A l'époque des faits, la gauche, représentée par Ségolène Royal et son exégète Jean Louis Bianco, avait réagit (sur place pour faire des images et montré sa "solidarité") avec une proposition inepte "d'interdiction de la délocalisation des marques », qui visait en réalité surtout à protéger les fameux emplois de l'économie de la connaissance.
Parce qu'ils pensaient ne pas être légitime pour le faire (le fameux « l'Etat ne peut pas tout » de Jospin), parce que leur foi aveugle dans le libéralisme les amenaient à penser que les délocalisation n'étaient que le versant négatif d'une grande mutation économique qui conduirait la France vers le paradis de l'économie post-industrielle, ou parce qu'il était plus pratique de nier le phénomène en minimisant son ampleur, les politiques se sont toujours abstenu d'introduire dans le droit positif la moindre règle pour encadrer le mouvement de délocalisation.

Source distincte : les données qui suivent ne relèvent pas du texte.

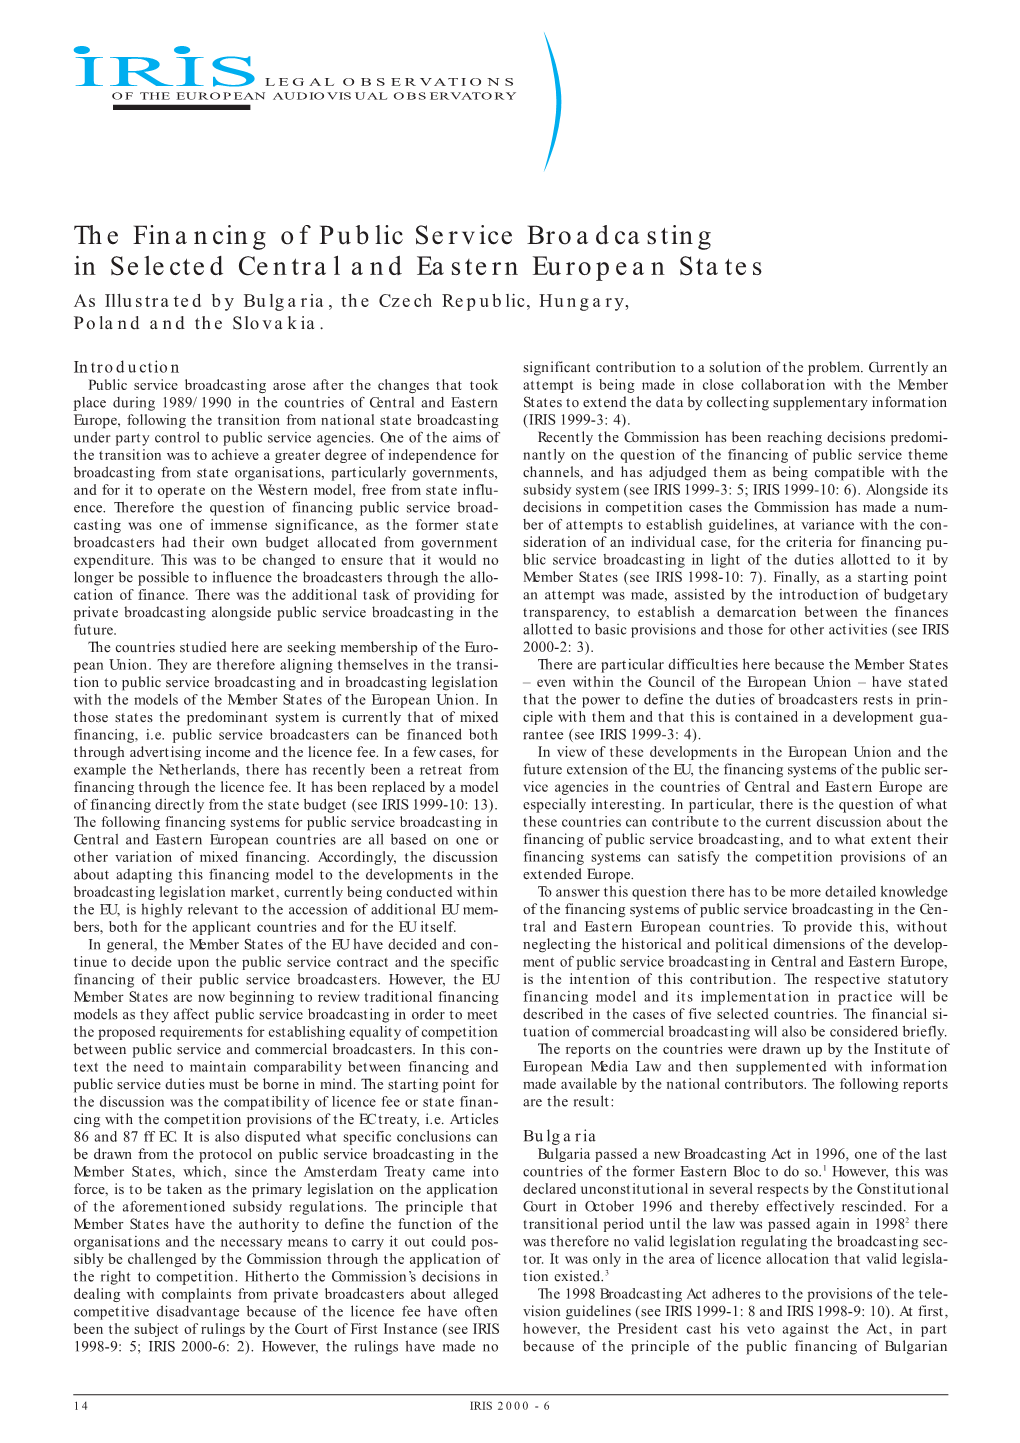 The Financing of Public Service Broadcasting in Selected Central and Eastern European

Or, comme la nature, le Droit a horreur du vide. Il n'y a rien qui ne puisse être laisser à un pure pouvoir discrétionnaire. Aucune liberté, ni aucun droit ne s'exerce sans limite. Voilà ce que les politiques ont oublié.
La question de la légitimité des délocalisations, qui n'a jamais été sérieusement débattue sur le plan politique, devient donc à présent une question juridique. C'est au juge qu'il va revenir de fixer la limite entre la délocalisation légitime et celle abusive. On lui souhaite bon courage ... Il est probable d'ailleurs qu'il renonce devant la difficulté de l'exercice et se replie vers une solution au cas par cas.

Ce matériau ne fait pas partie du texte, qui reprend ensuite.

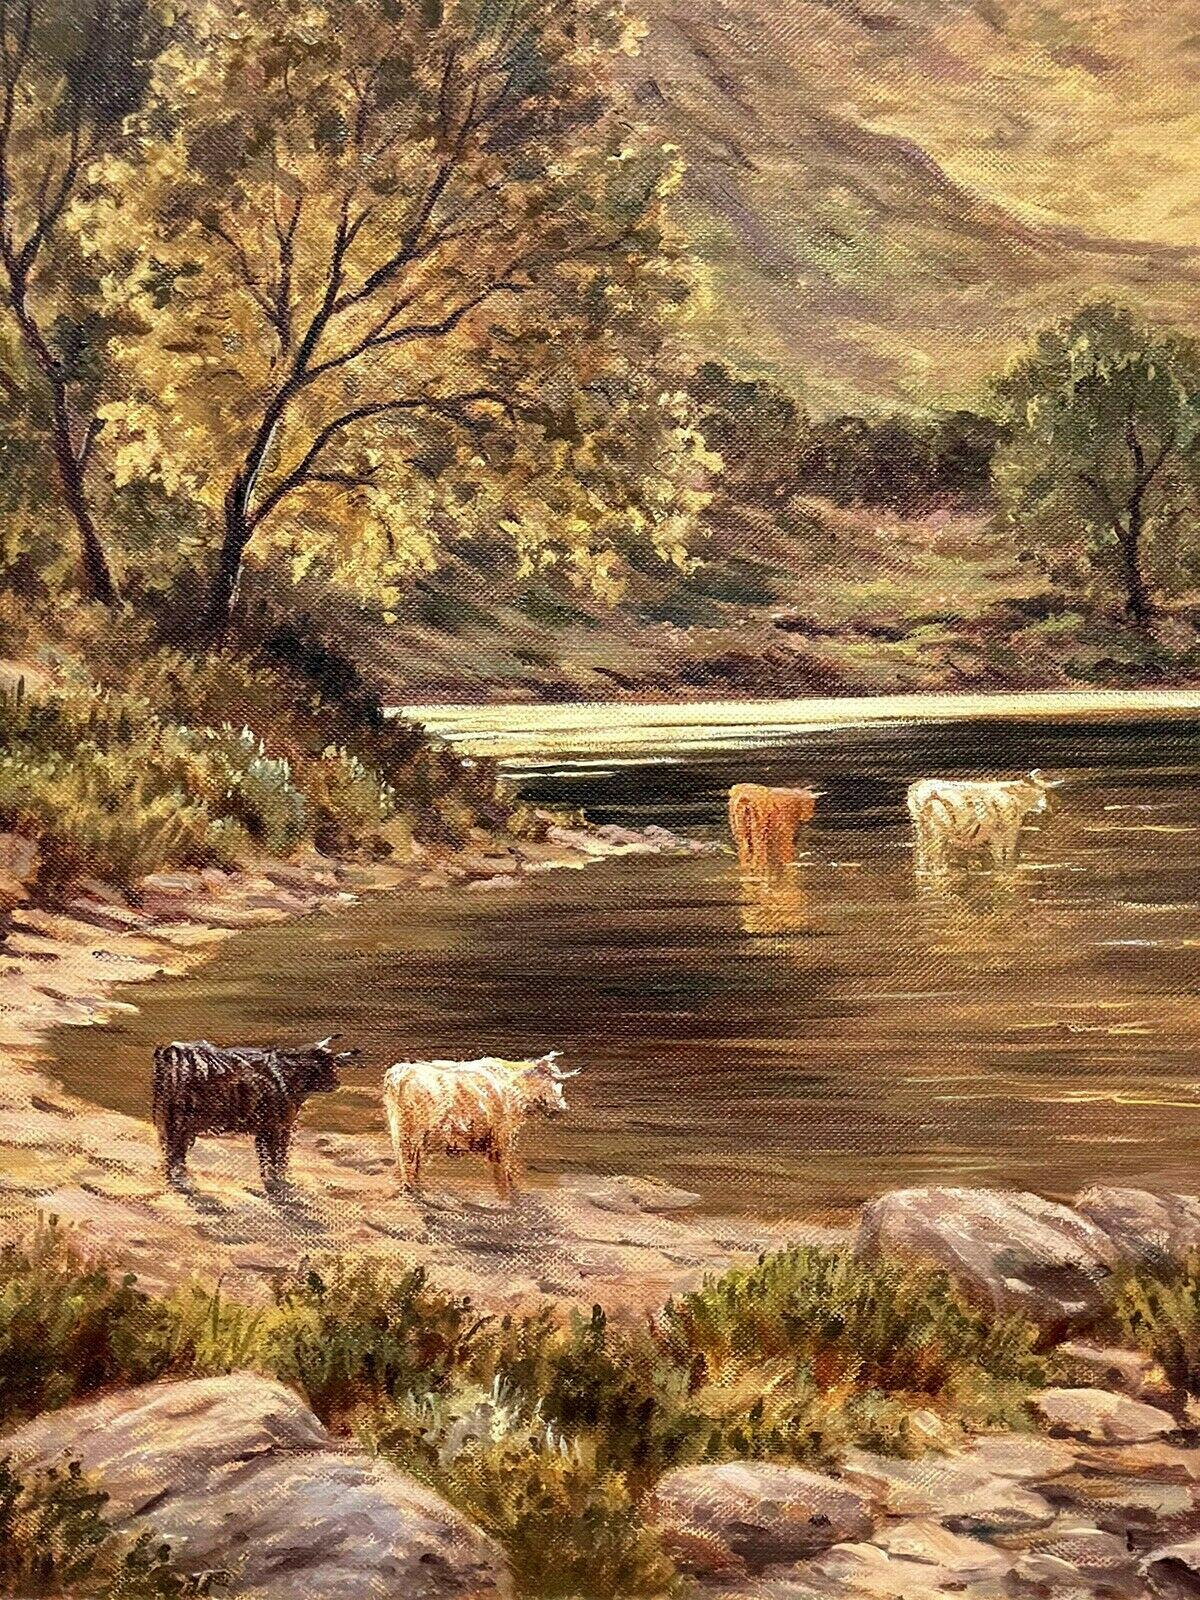 SIGNED SCOTTISH HIGHLANDS LOCH SCENE & CATTLE OIL PAINTING - J. HAMILTON GEORGE - Victorian Painting by J. Hamilton George

Il est peu vraisemblable que le monde économique apprécie que les éventuelles indemnisations des salariés soit laissée à l'appréciation a posteriori des Juge des prud'hommes.Il est vrai qu'il n'y a rien de pire que l'insécurité juridique.
Il y a, à l'évidence, un besoin de règles, ne serait-ce que pour faire accepter aux salariés concernés et à l'opinion publique la fermeture de sites (encore) rentables. La distinction proposée par le juge des prud'hommes entre la délocalisation destinée à accroître les marges et celle destinée à les maintenir, n'est pas absurde, même si elle sera délicate à appliquer et toujours sujette à contestation.

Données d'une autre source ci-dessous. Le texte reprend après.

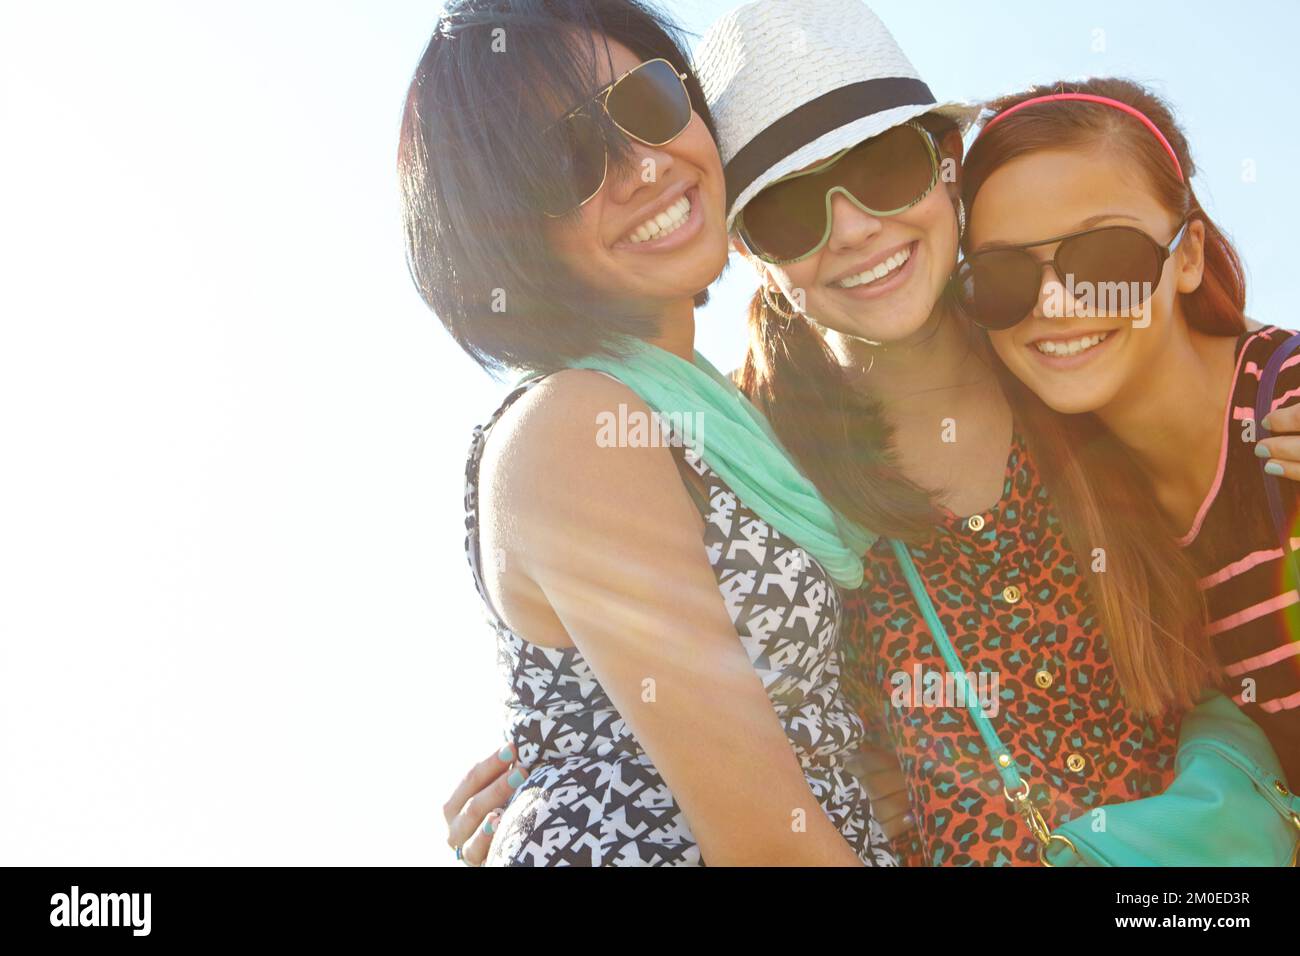 Friends are the most valuable possession. Closeup shot of a group of teenage girls smiling with their arms around each others shoulders. Stock Photo

Le gouvernement est désormais au pied du mur. Il va devoir devra donc donner sa définition des cas où la République pourra accepter qu'une entreprise supprime des emplois en France pour en créer ailleurs. Je dis bien la République et non pas les lois de l'économie mondiale dérégulée. Ca change tout et c'est presque une petite révolution.
Malakine
Les faits (JT du 9 septembre)
Ségolène Royal proposant l'interdiction de la délocalisation des marques
Cette mesure consiste à appuyer très fort sur la soupape de la cocotte minute pour l'empêcher de tourner.
Bon moyen en effet de l’empêcher de tourner, mais au PS, les "courants" mal conseillés par les rêveurs, puceaux de l’entreprise style OBO et Liêm Hoang-Ngoc, ne pense évidemment pas à réduire le gaz sous la cocotte, (pourquoi faire simple quand on peut faire compliqué ?).
Pour les entrepreneurs la situation serait comique si la survie de la France et de leurs savoirs faire n’était en jeu.
Comme le disait Malakine chez Toreador : "Les dirigeants du P.S. se contentent du monde tel qu'il est" et laissent crever les acteurs de l'économie. Normal leurs amis profs dans les écoles d'économie et de commerce leur dispensent leur logorrhéique haine viscérale de l'entreprise, à longueur d'années (ce qui fait le bonheur de Julien Dray) !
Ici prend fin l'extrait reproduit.